### Problem requirements
Would you transcribe the whole listing exactly and drop its images?

(Dataset extract)

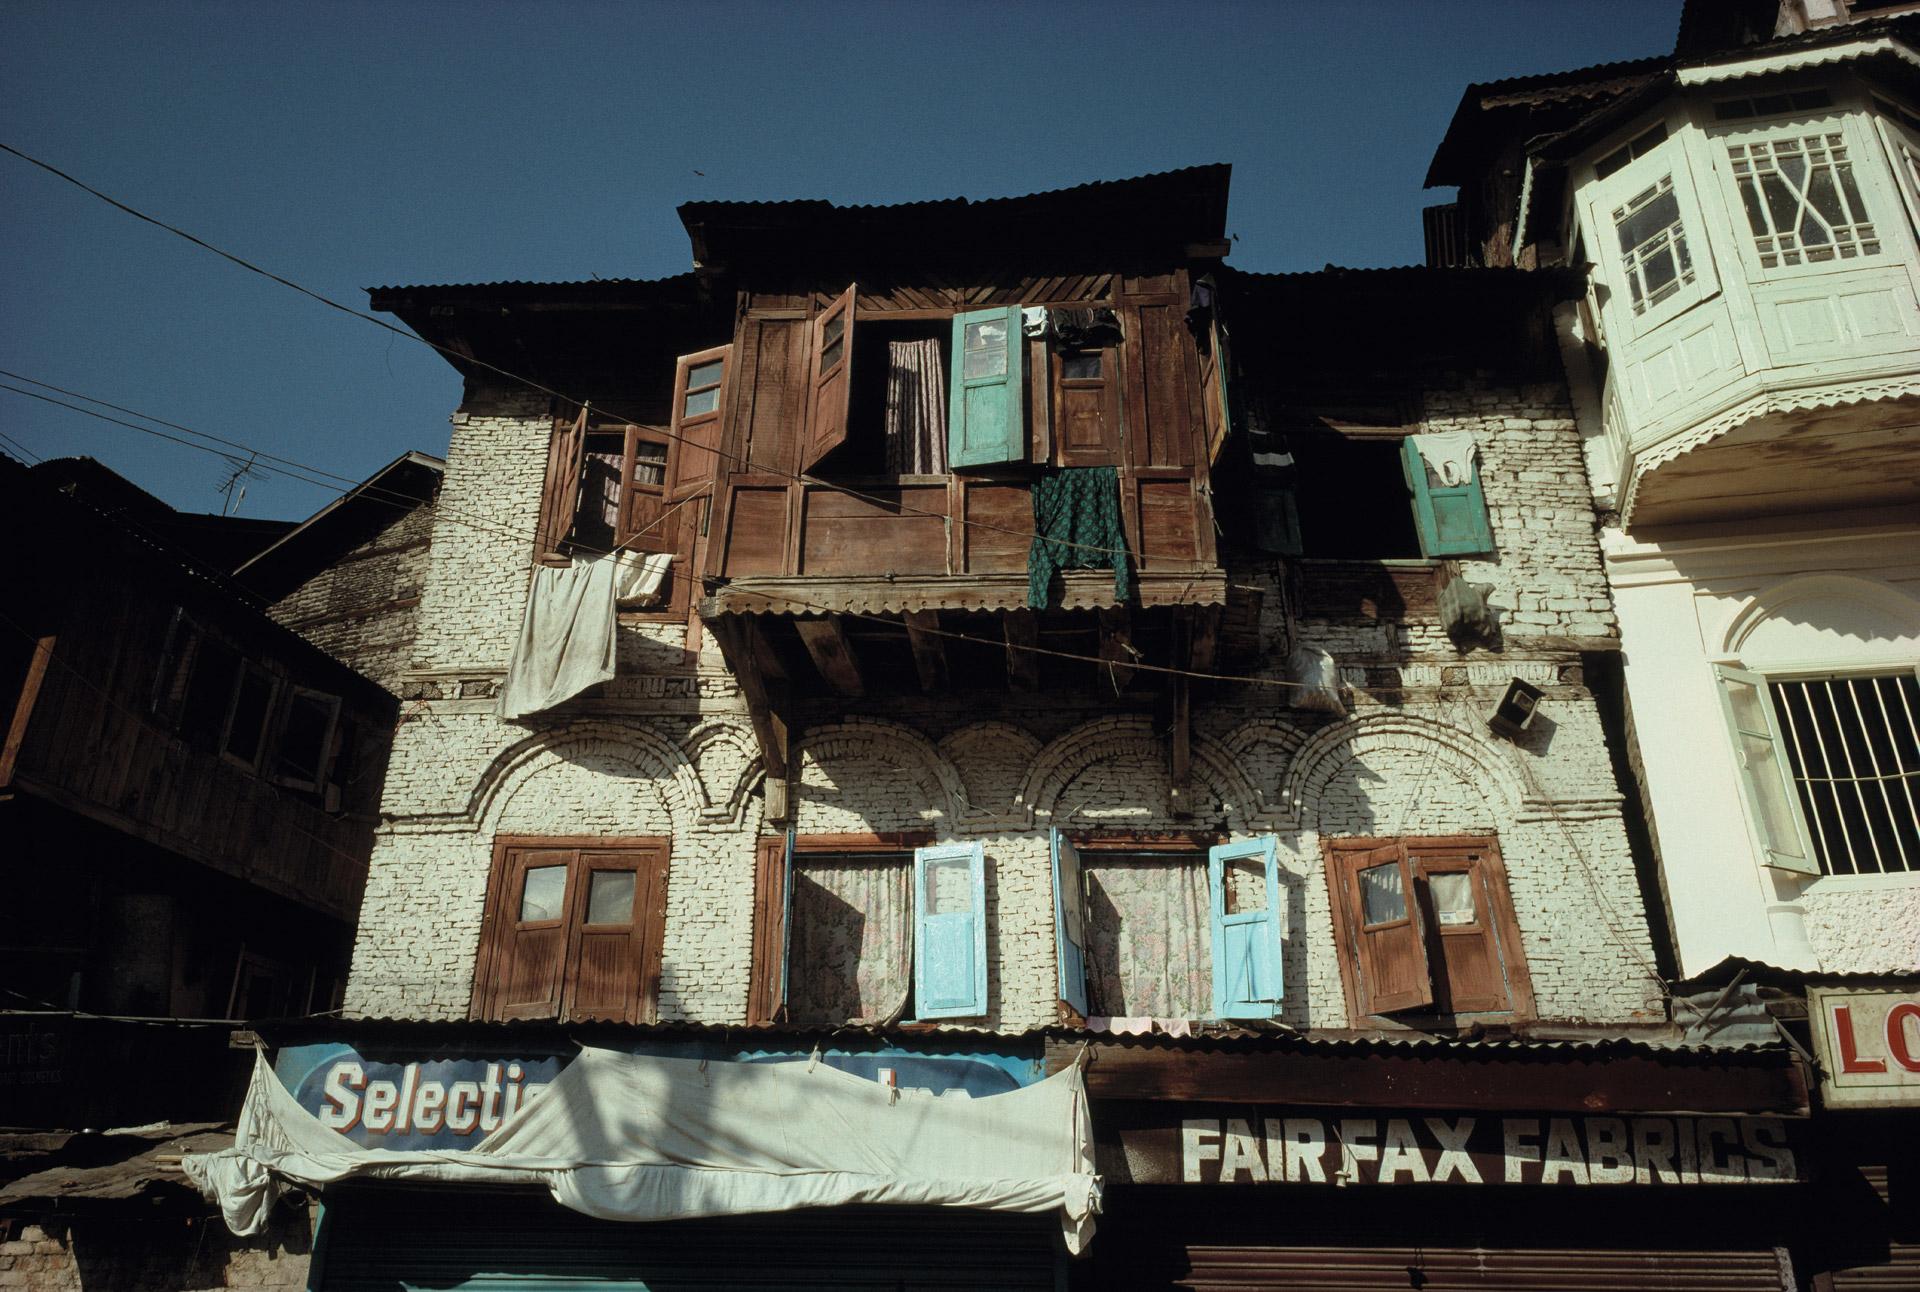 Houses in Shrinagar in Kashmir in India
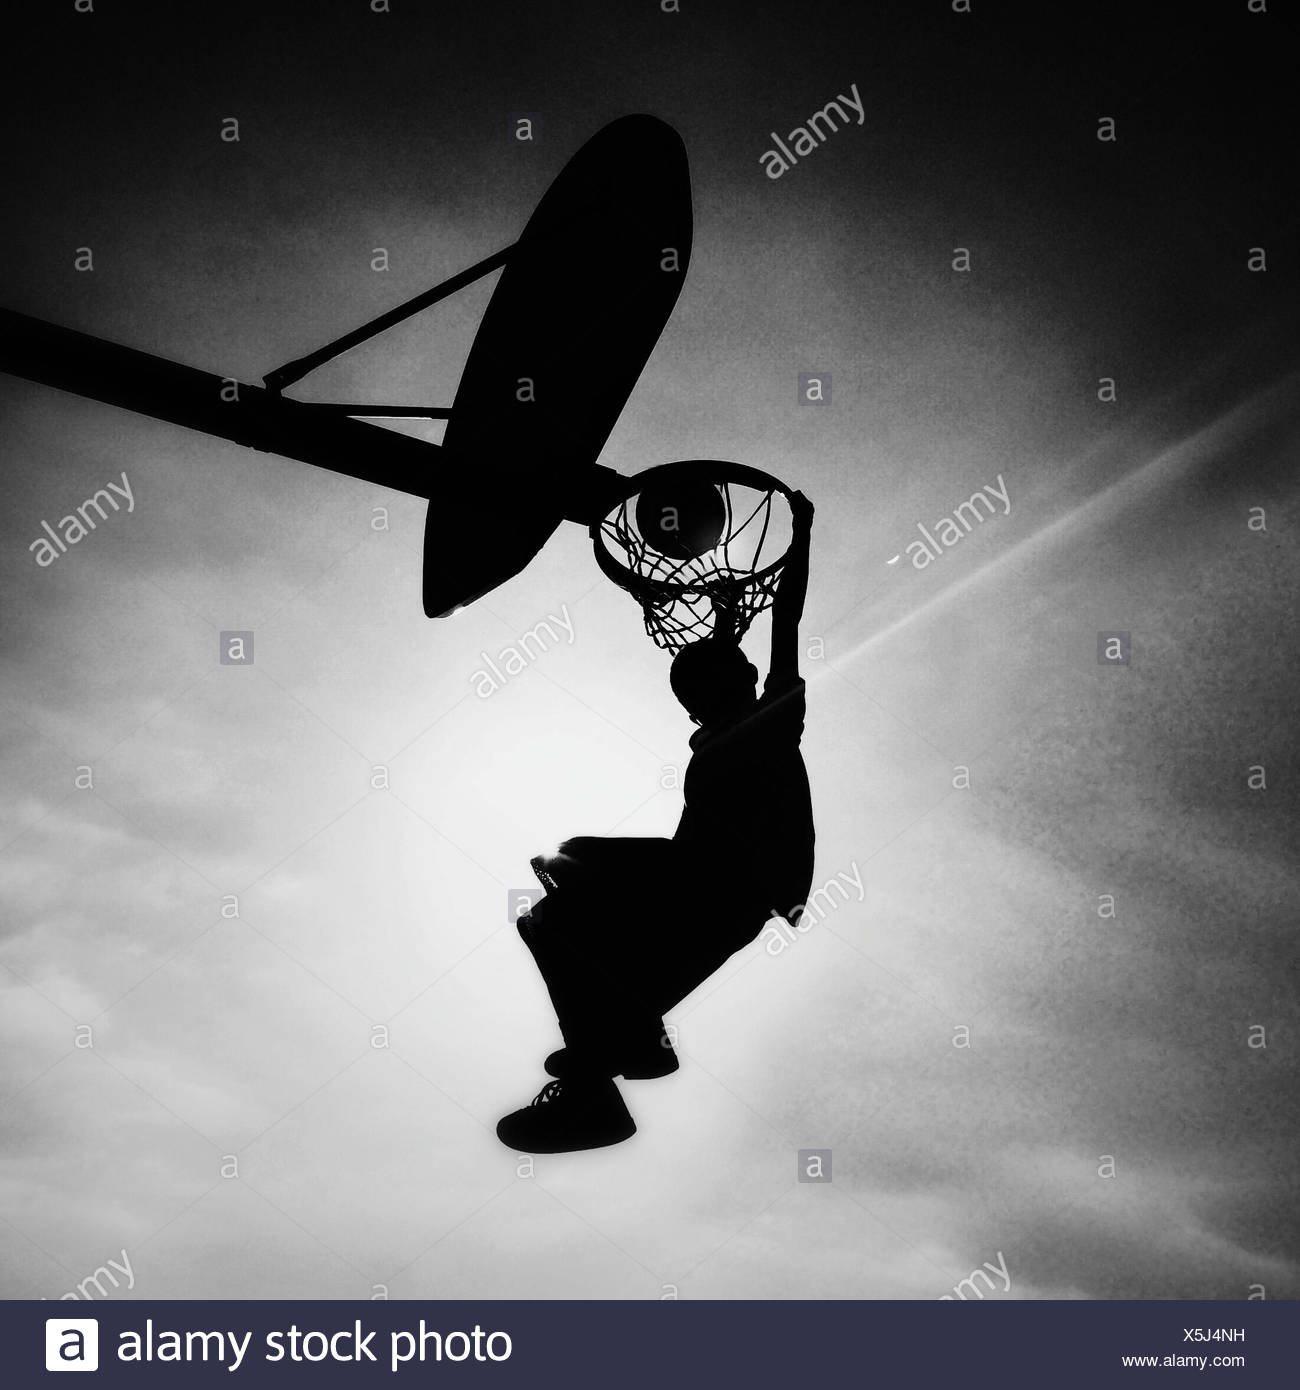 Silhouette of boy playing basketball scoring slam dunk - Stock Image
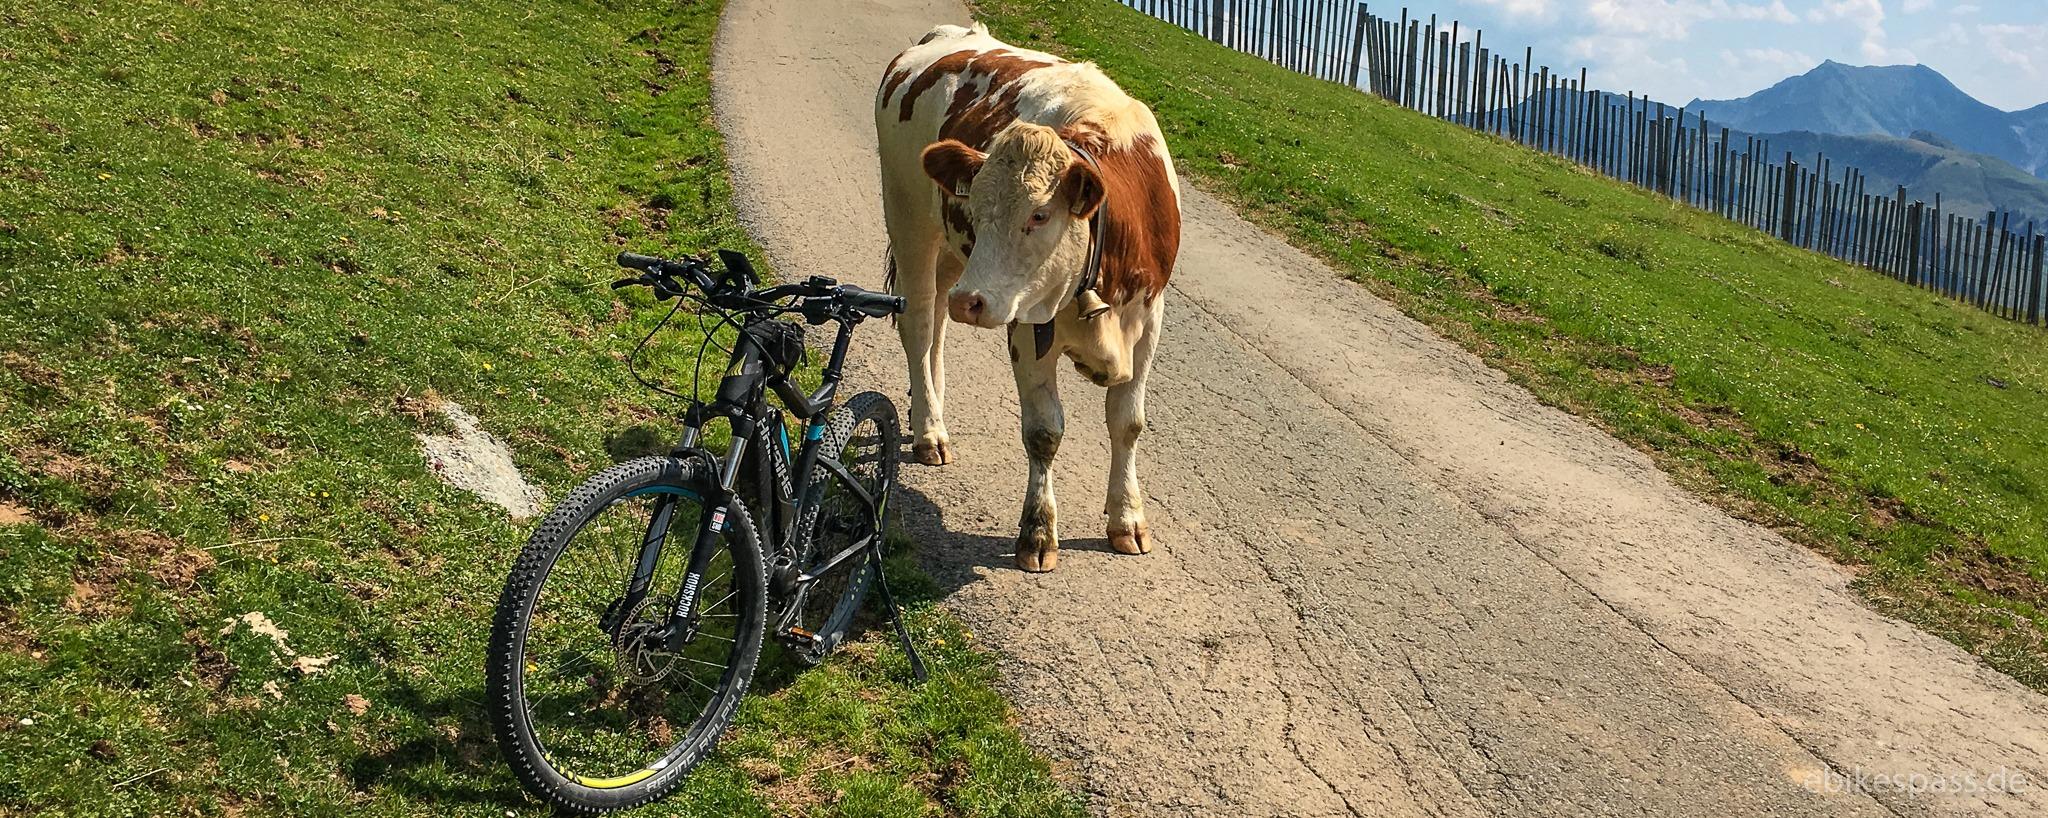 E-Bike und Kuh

(End Dataset extract)

### Solution for this problem
 Houses in Shrinagar in Kashmir in India
 Silhouette of boy playing basketball scoring slam dunk - Stock Image
 E-Bike und Kuh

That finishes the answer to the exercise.